There’s only so much you can do with such formula-reliant material—hence the high A-minus—but Butter and the boys manage to pretty much manage to do it all over the course of this album. Other than the jivin’ rockers, you’ve got a few slow burners, including Little Walter’s essential blues harp workout “Blues With A Feeling” and the impassioned Bloomfield/Bishop composition and lead guitar showcase “Our Love Is Drifting,” one of the record’s clear highlights. You’ve got a token Muddy Waters cover, “I Got My Mojo Working,” that Sam Lay gets to sing. And you’ve got a couple instrumentals, one of which (“Thank You Mr. Poobah”) I find to be wearing and generic, but the other of which (the slinky “Screamin’”) is based around this wailing harp/guitar lick that just fuckin’ tears. I don’t particularly care for the limp 60s Hammond organ that attempts to round out about half these tracks, but it’s easily ignored. Just listen to the rest of it, man. This is one of the smokin’-est Chicago blues records ever.
Tomorrow is St. Patrick’s Day! Don’t drink as many Irish Car Bombs as I did two years ago! You’ll only end up vomiting out your window at 3 in the morning.
Yeah, unlike those genuine South Side native Chicago blues legends Muddy Waters, the “father of Chicago blues” (Jug’s Corner, Mississippi), Howlin Wolf (West Point, Mississippi), Willie Dixon (Vicksburg, Miss), Otis Rush (Philadelphia, Mississippi), the “Three Kings” of Chicago blues: Freddy (Gilmer, Texas),
Albert (Indianola, Mississippi) an B.B. (Itta Bena, Mississippi). and of course Mr.
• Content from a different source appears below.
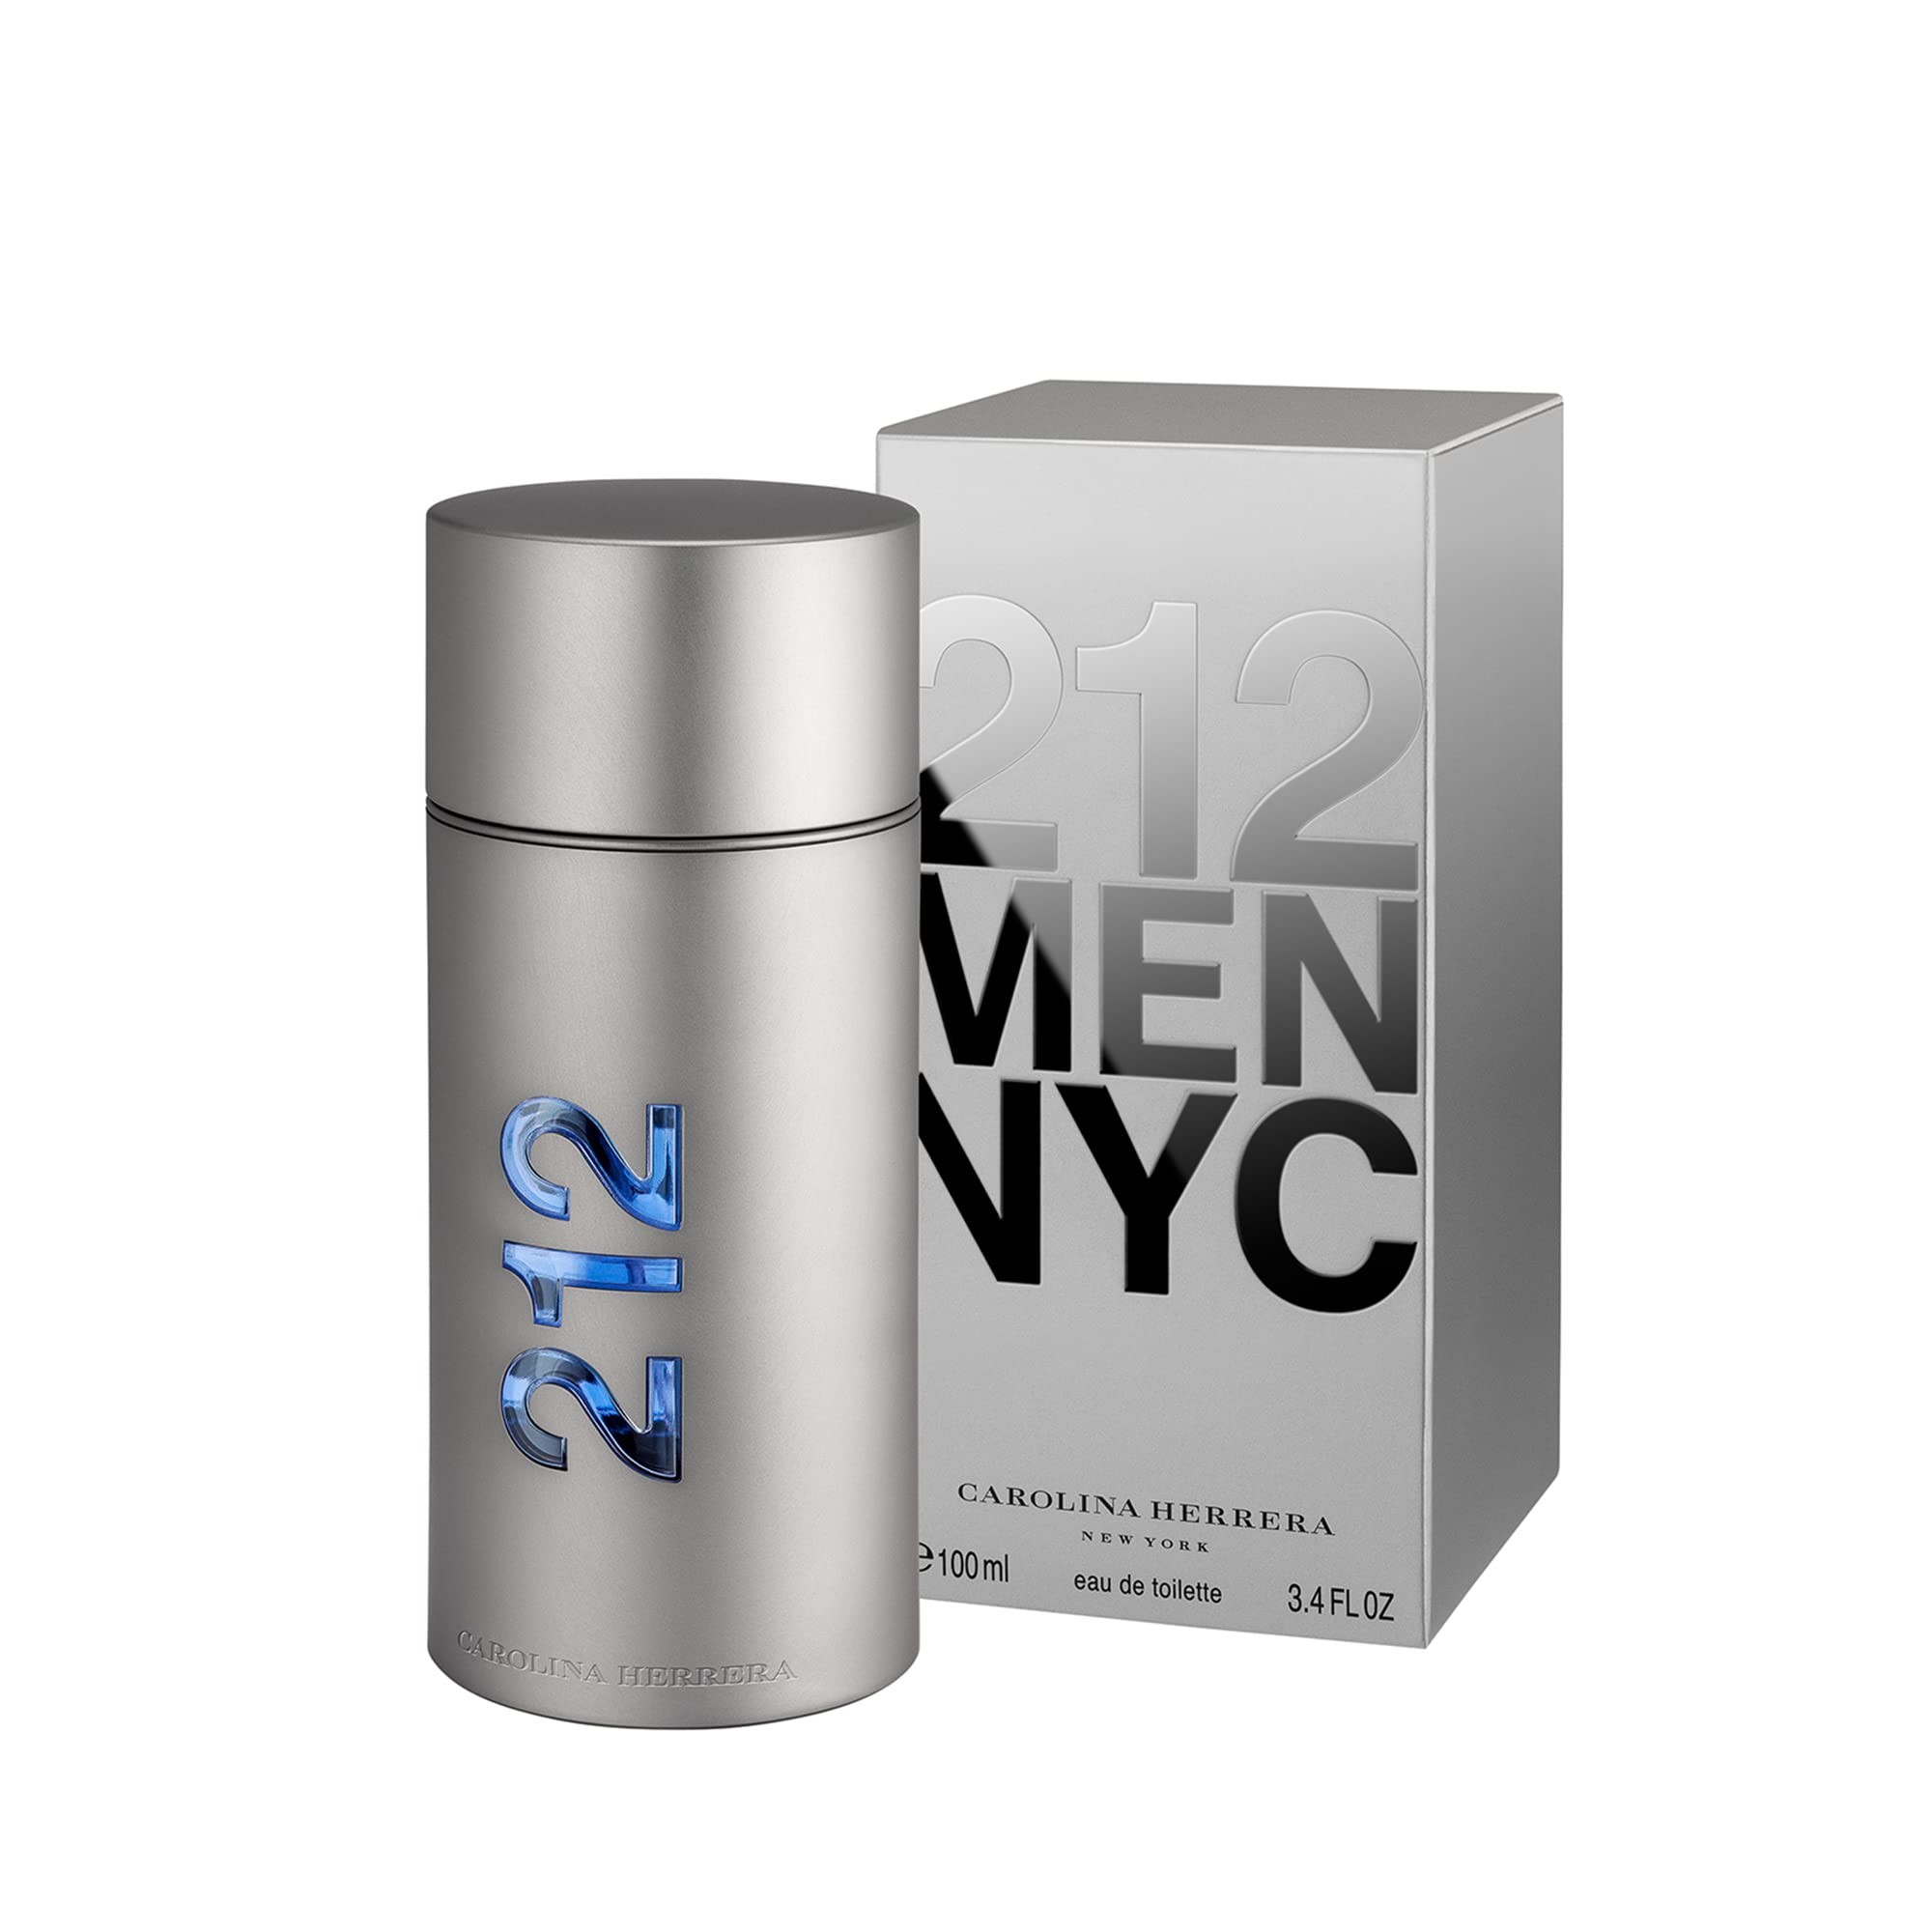 Carolina Herrera 212 Men Fragrance For Men - Timeless Scent - Warm Sandalwood - Fresh Notes - Beautifully Bright Fragrance - Energetic Green With Sensual Peppery Spices - Edt Spray - 3.4 Oz

Chicago Blues himself,
Buddy Guy (Lettsworth, Louisiana). I could go on ad infinitum, but the only point here is that Chicago, for so, so many Jim Crow era African-American musicians was an economic and cultural magnet. It became a crucible and incubator of an alchemical transformation of rural acoustic field songs into a new electrified art form whose influence reached around the globe, into every subsequent musical form.. just ask Mick and Keith! So I guess Butterfield”s short walk from the privileged island of Hyde Park into the ‘hood makes him more of a South Sider than any of his gurus. Just sayin’.